**Required action**. Entries follow. Give back exactly the lines starting at the one containing "Apple macbook 4.1 core2duo bandung" and ending at the one containing "New Jersey Devils: MacKenzie", and no other lines.

**Data for this task**.
=====

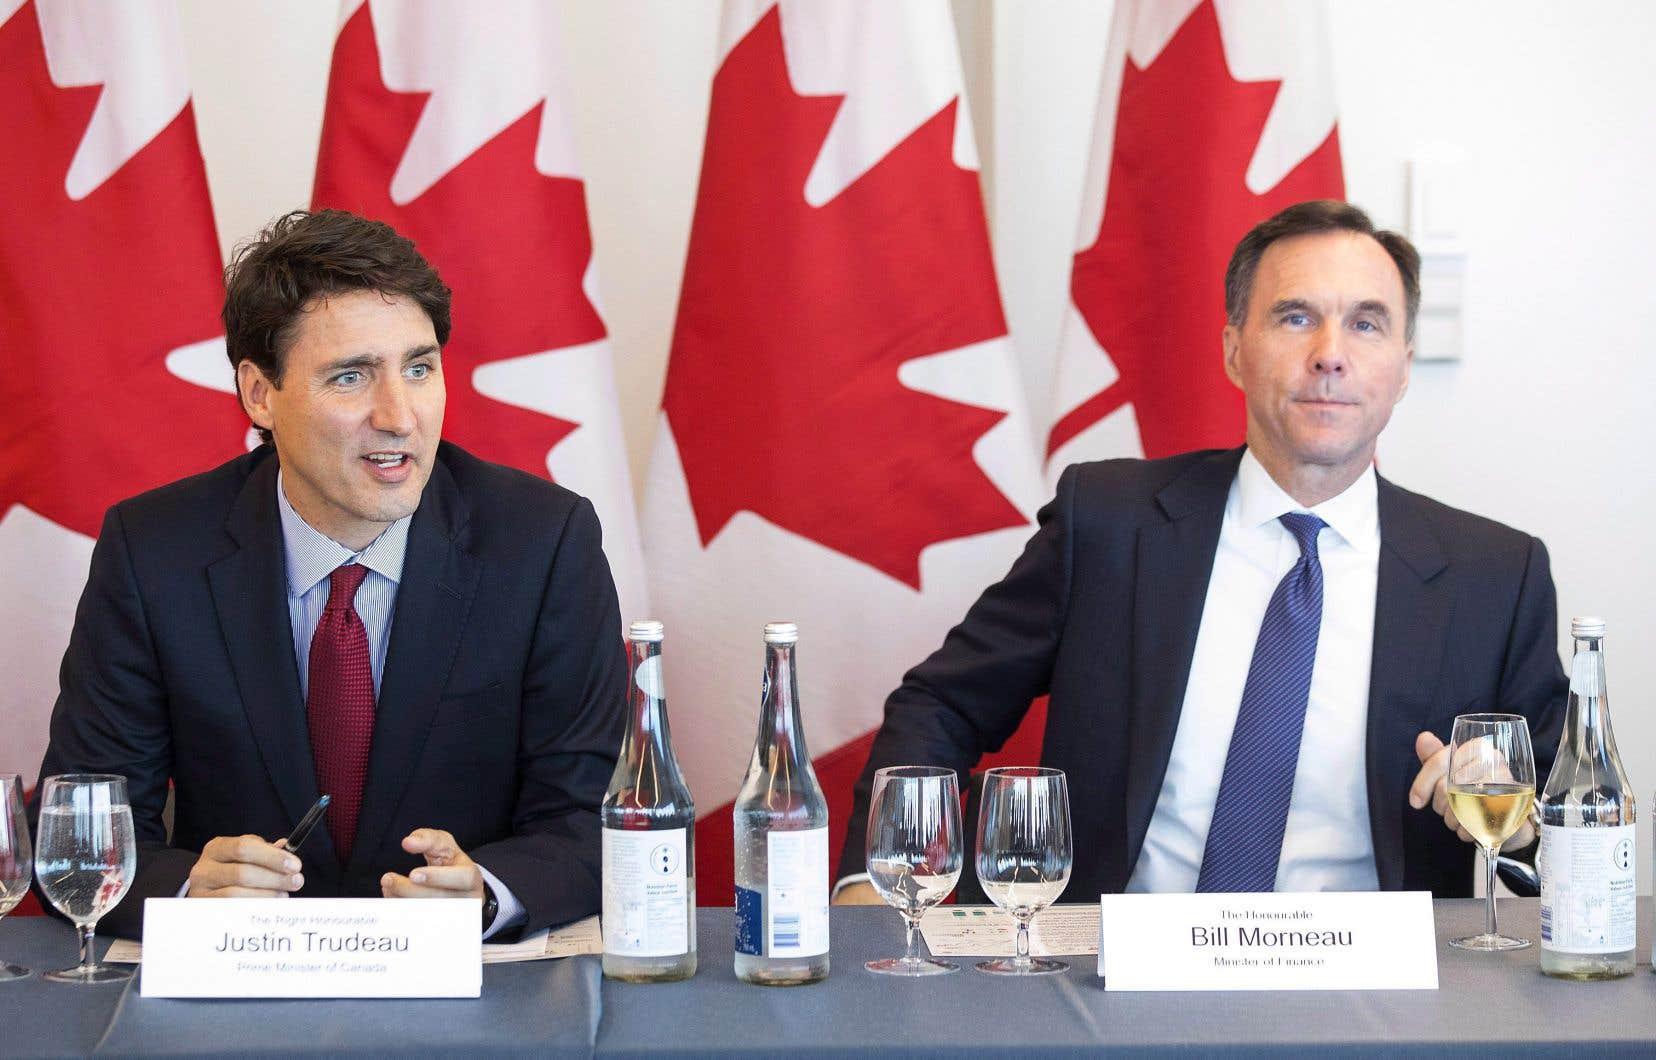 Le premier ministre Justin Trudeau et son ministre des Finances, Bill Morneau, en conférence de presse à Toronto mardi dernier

=====

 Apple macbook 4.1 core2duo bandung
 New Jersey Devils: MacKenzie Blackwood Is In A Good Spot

=====

**Written response**.
 Apple macbook 4.1 core2duo bandung
 New Jersey Devils: MacKenzie Blackwood Is In A Good Spot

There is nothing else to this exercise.